PROBLEM DESCRIPTION >> Keeping every word the same, give again only the lines from the one with "Rollerblade Ensemble de" through the end of the data, both included, and leave every picture out.

PROVIDED DATA >>
BEGIN

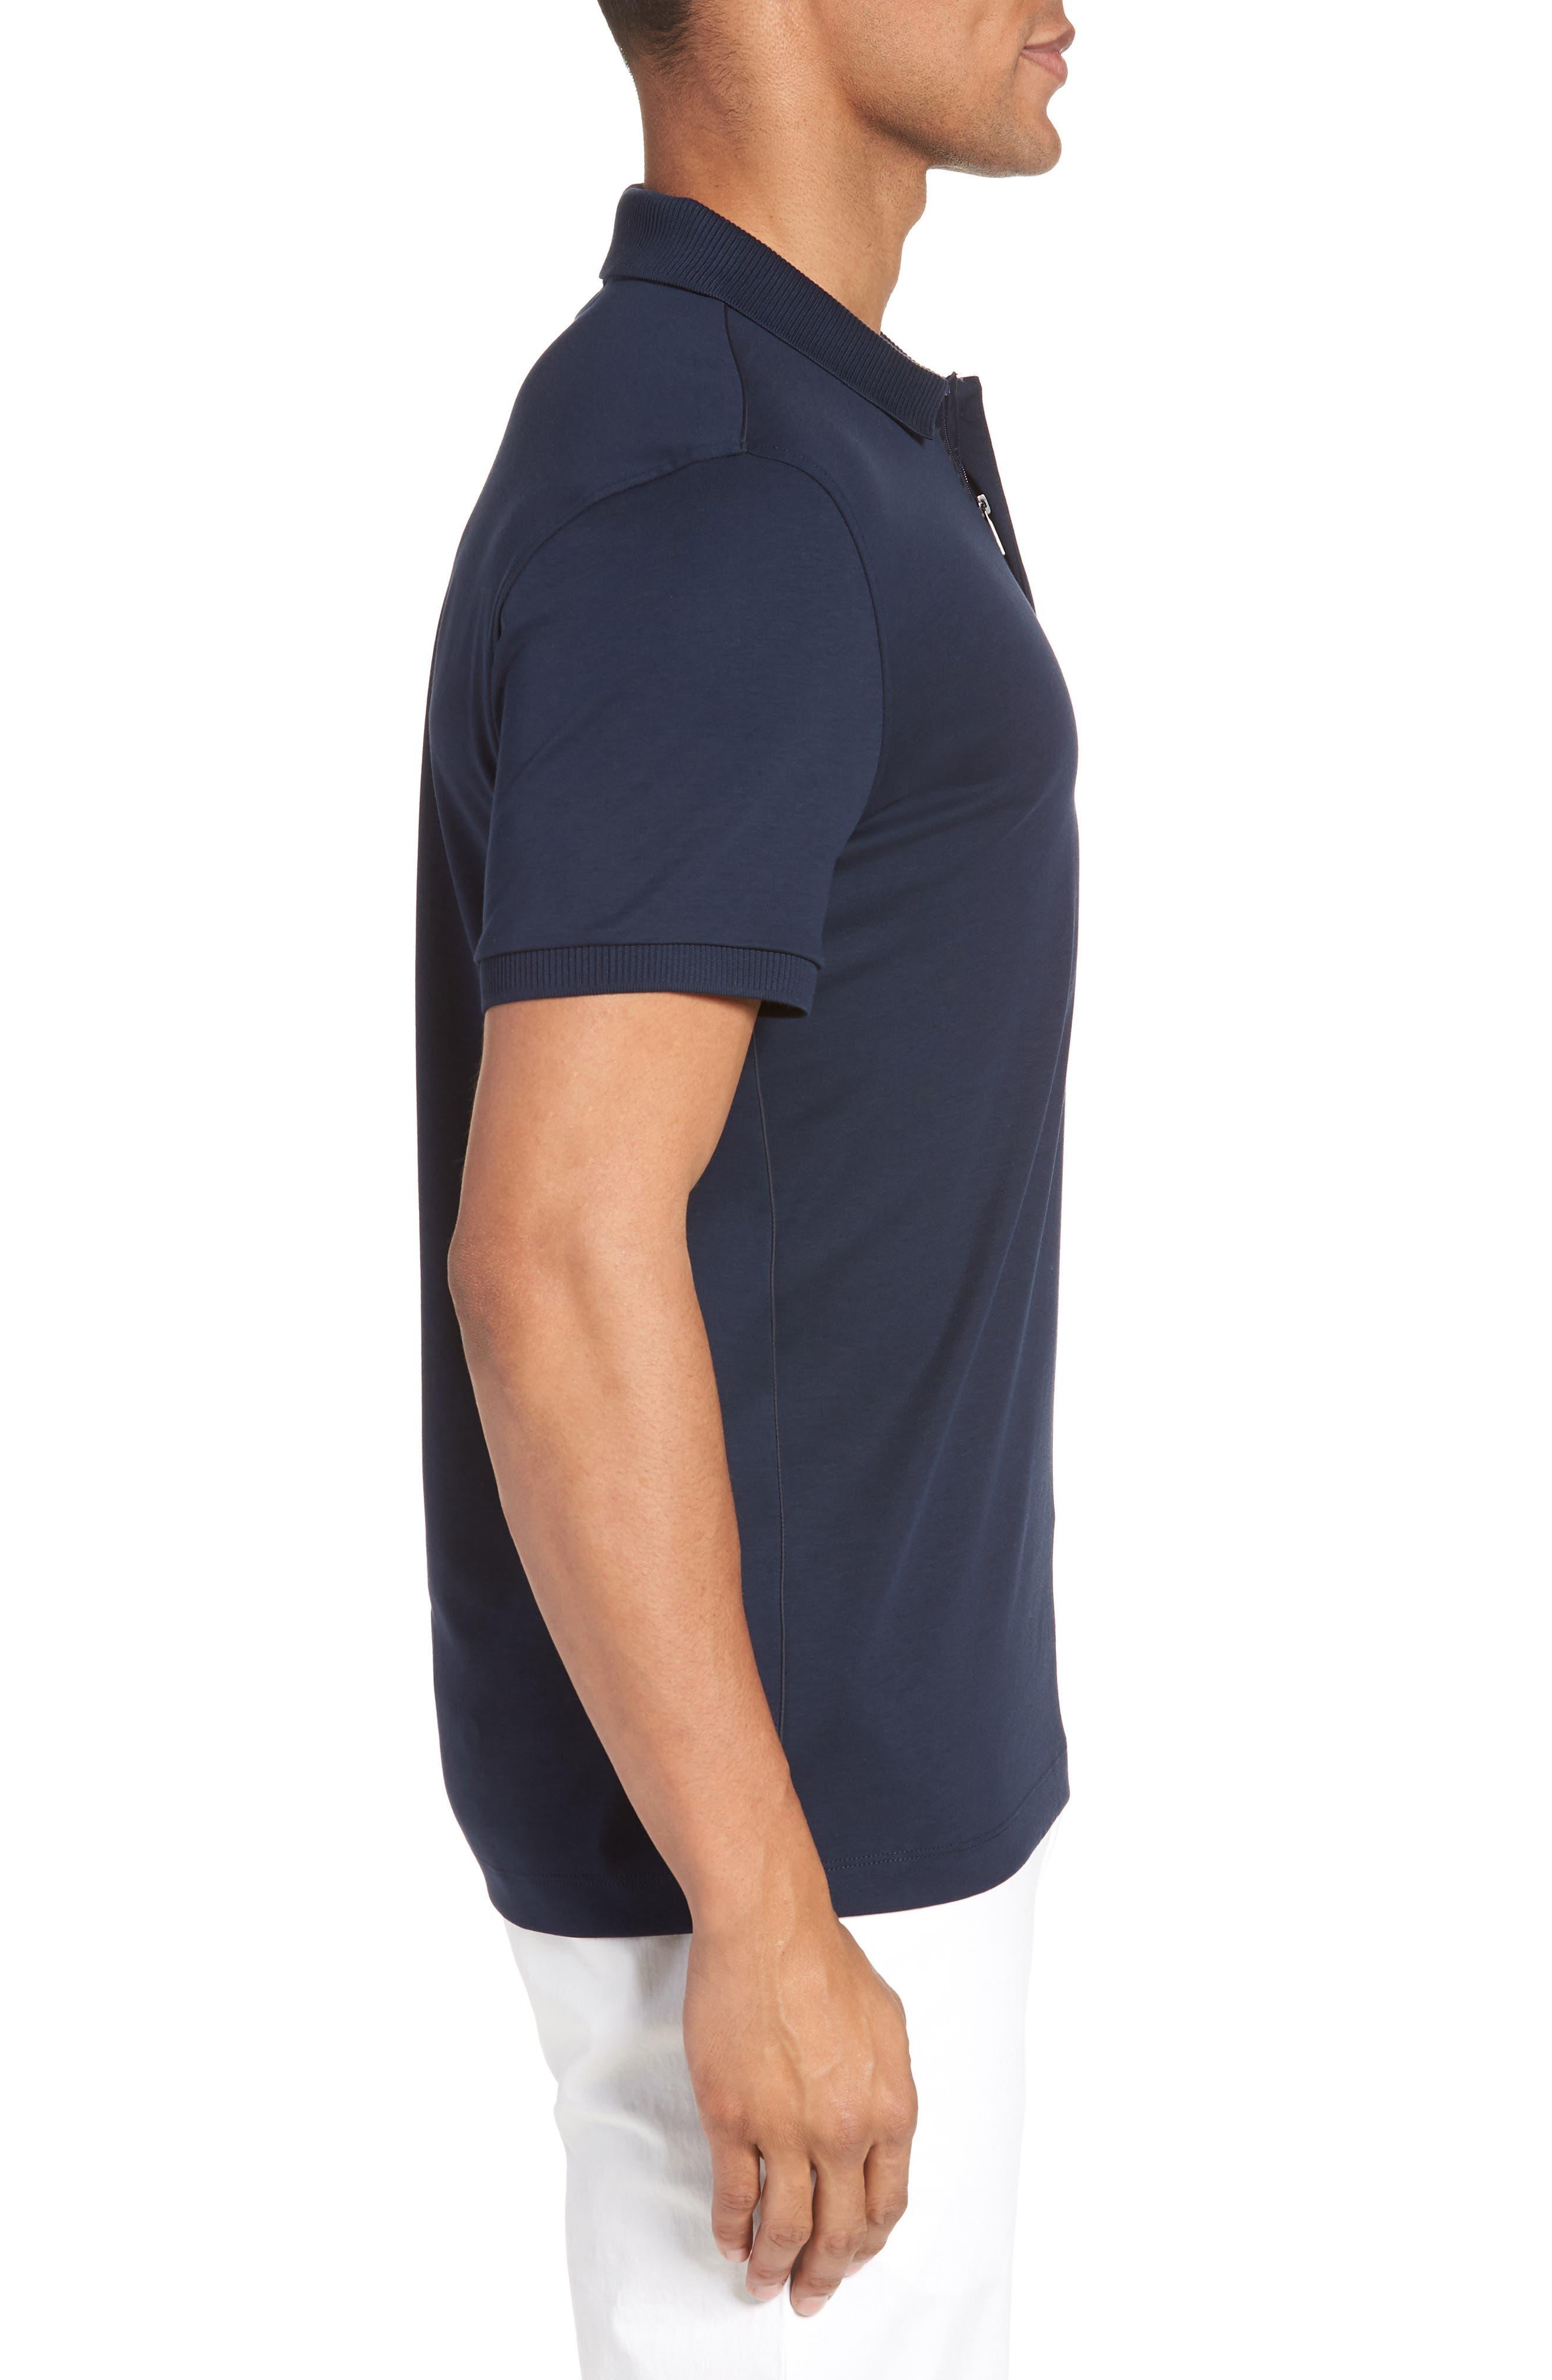 Pohl Polo Shirt,                             Alternate thumbnail 3, color,                             Blue
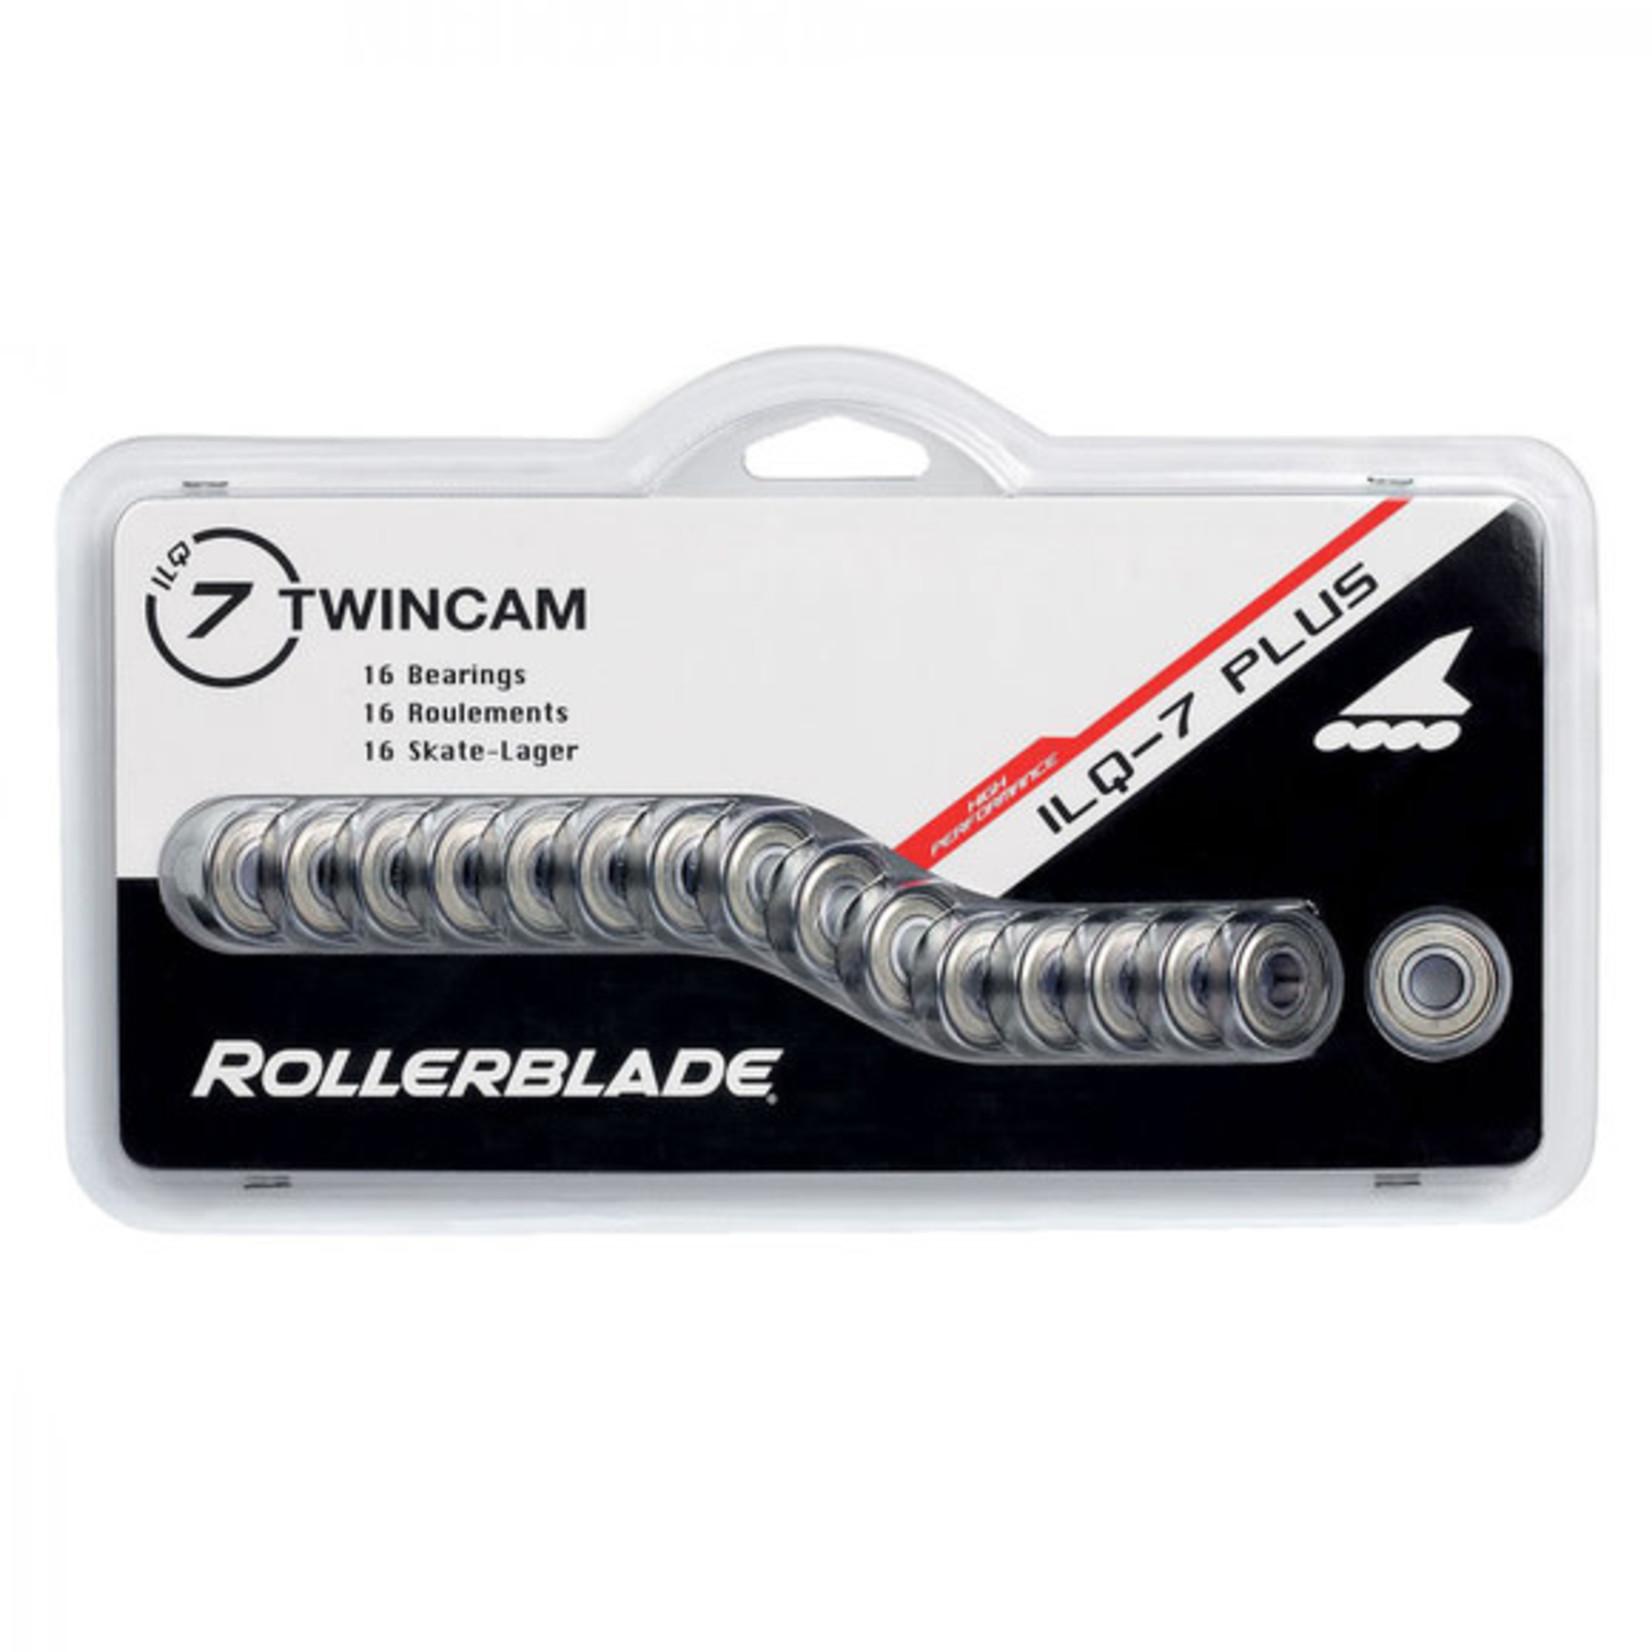 Rollerblade Ensemble de 16 Bearings Rollerblade ILQ-7 Plus
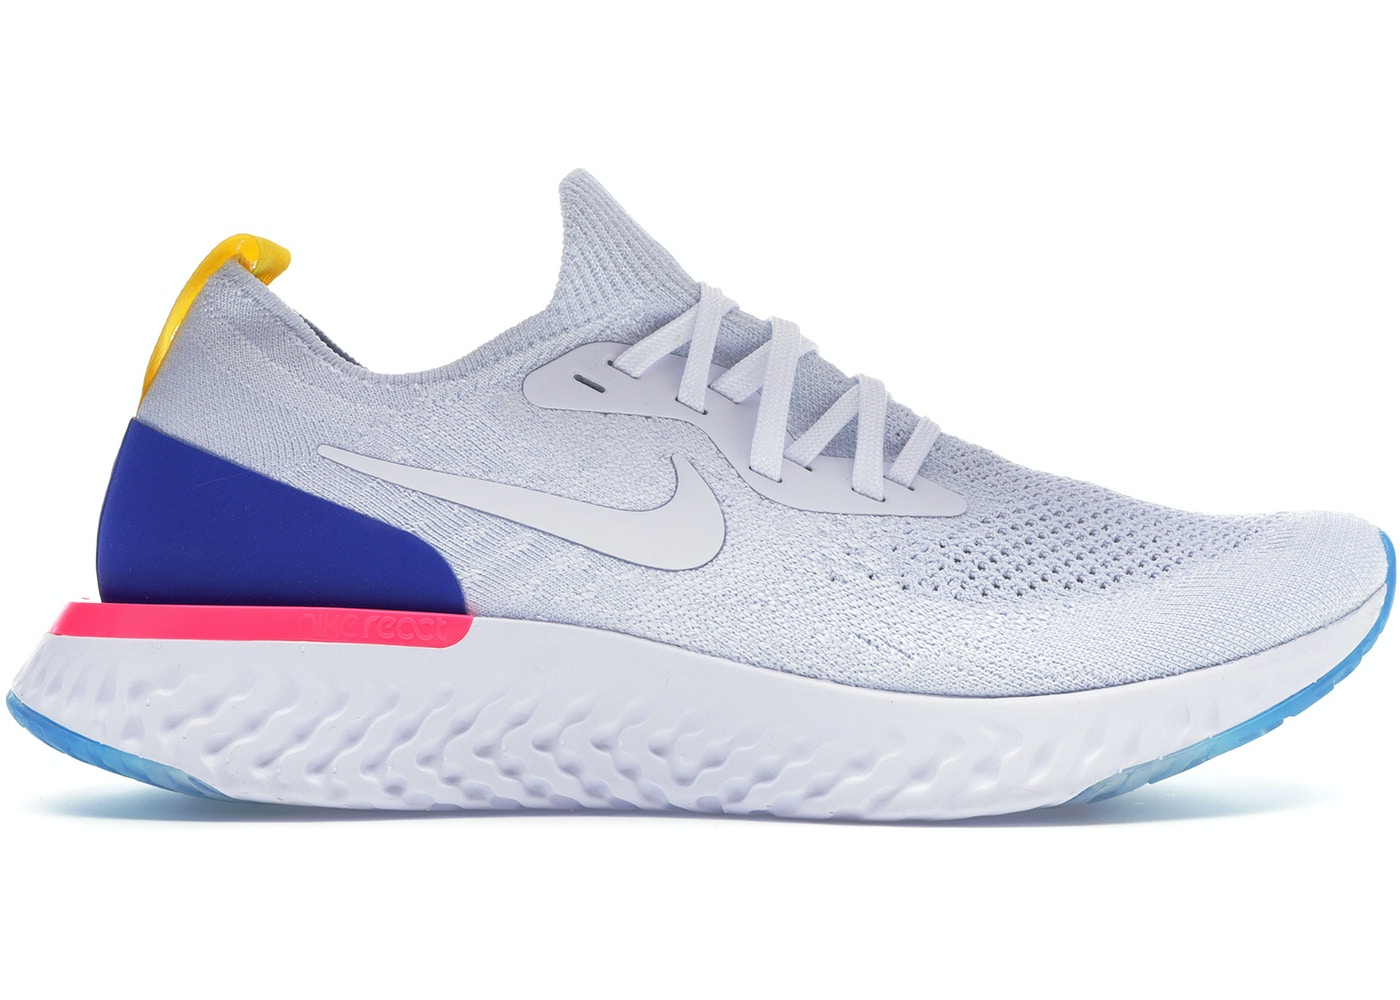 b7ee0730da1dd Nike Epic React Flyknit White Racer Blue Pink Blast

END

ANSWER SPACE >>
 Rollerblade Ensemble de 16 Bearings Rollerblade ILQ-7 Plus
 b7ee0730da1dd Nike Epic React Flyknit White Racer Blue Pink Blast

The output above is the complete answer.